Tuesday, June 06, 2006

The Da Vinci Code

Okay, I haven't seen the movie. I'm thinking, it just won't be as good as the book. It's because I liked the book so much that I'm not real inclined to see the movie, because I think I'll be disappointed.

Interestingly, looking at the critics reviews at Yahoo Movies, one says "If you liked the book, you'll be fine" and another "...can't help but fail to measure up to its literary predecessor". Maybe it depends on the person. Me, I do fear for me it would be the latter.

As for some of the ideas presented by the characters in the book (like I said, I haven't seen the movie, though one hopes that the same ideas are presented in the movie), well, I tend to be an open minded sceptic. I ain't going to assume that because a character in Dan Brown's book says it's so, that it's indeed so. But, unless I know otherwise, I'll keep an open mind.
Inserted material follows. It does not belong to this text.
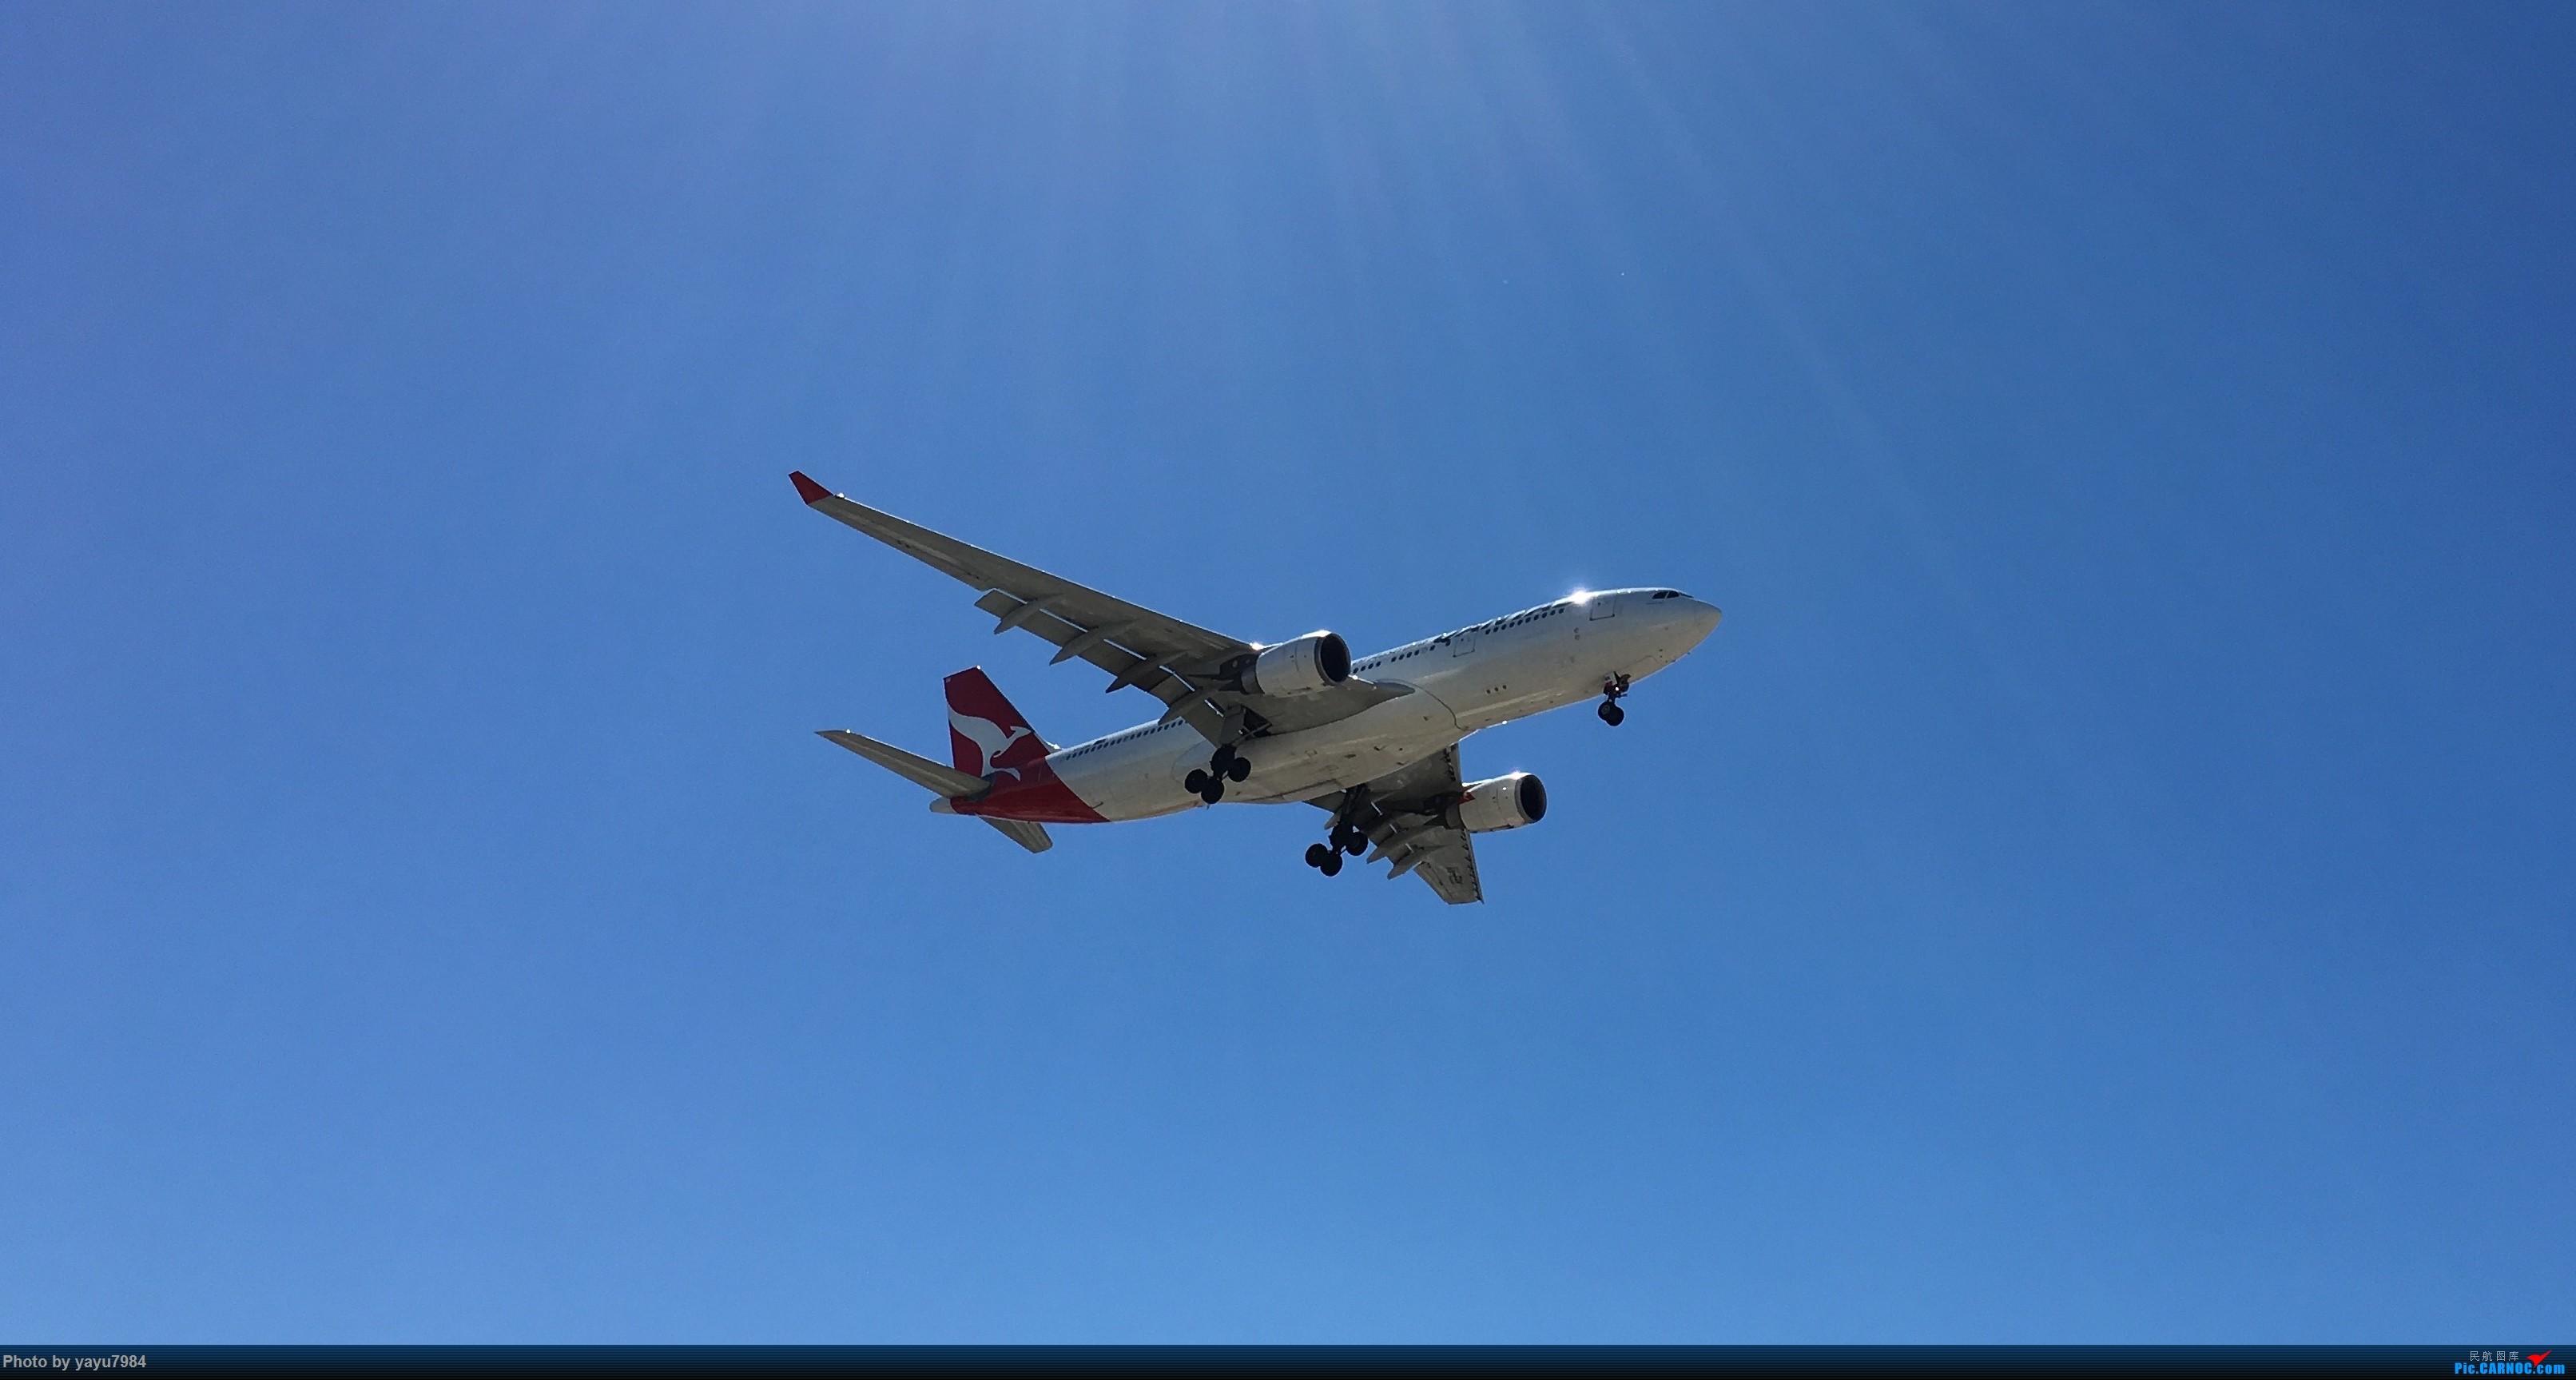 Re:[原创][SYD] 久违的南向起降,纪录16R拍机之行 AIRBUS A330-200 VH-EBK 澳大利亚悉尼金斯福德·史密斯机场
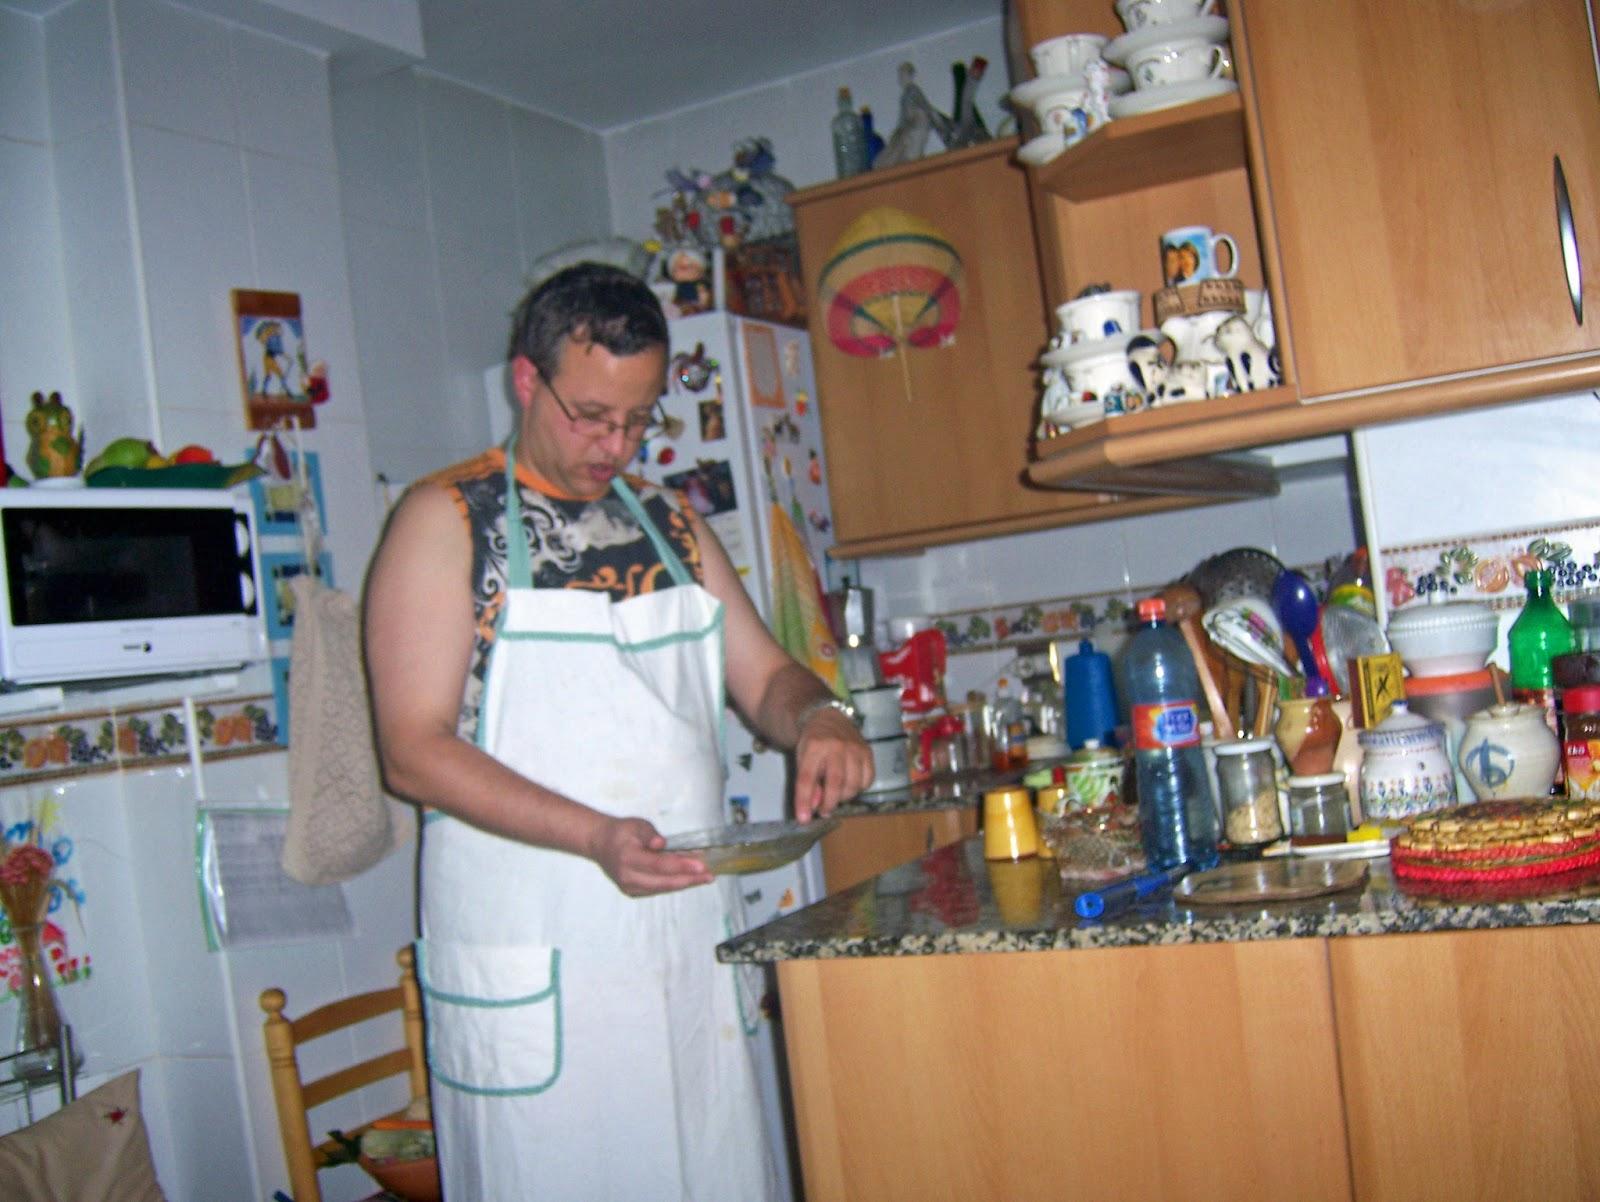 Ba l de noticias bagul de not cies las labores del for Cosas de hogar

As for Jesus being married, so far as I know there is no evidence at all that Jesus was celibate. It's a projection, I think. Being used to a celibate priesthood, and, in the absence of any direct reference to Jesus being married or single, it's easy to assume Jesus was single without thinking about it. (And I understand that the celibate priesthood doesn't go back to the beginning of Christianity, but does go back to before the protestant reformation.) And, heck, how many people would assume that Peter was celibate? But, hey, wait, Jesus cured Peter's mother-in-law. And St. Paul in one of his letter mentions Peter being married. So, if in the case of Peter, lack of mention of a wife in the gospels doesn't mean he wasn't married, couldn't it be the same for Jesus? And, from what I've read, not being married would have been rather unusual at the time.

Actually, for me, the fact that St. Paul, when talking about his own celebacy, doesn't ever tell us Jesus was single, well, that definitely seems to suggest that Jesus was likely married. Emulating Jesus is not a reason St. Paul ever gives in support of celibacy.

Okay, Jesus being married but his wife never being mentioned is one thing. And believable. But the idea of Jesus specifically being married to Mary Magdalene is a different situation. If that's so, then you have the case of all 4 gospels mentioning Jesus' wife, but not bothering to mention that she's his wife. I personally find that idea a little odd. On the other hand, I have somewhere read a plausible sounding explanation for that.

As for the idea of the sacred feminine, I think that would be interesting to read more about, but it's not a major interest of mine.

Anyway, that's my thoughts on the matter.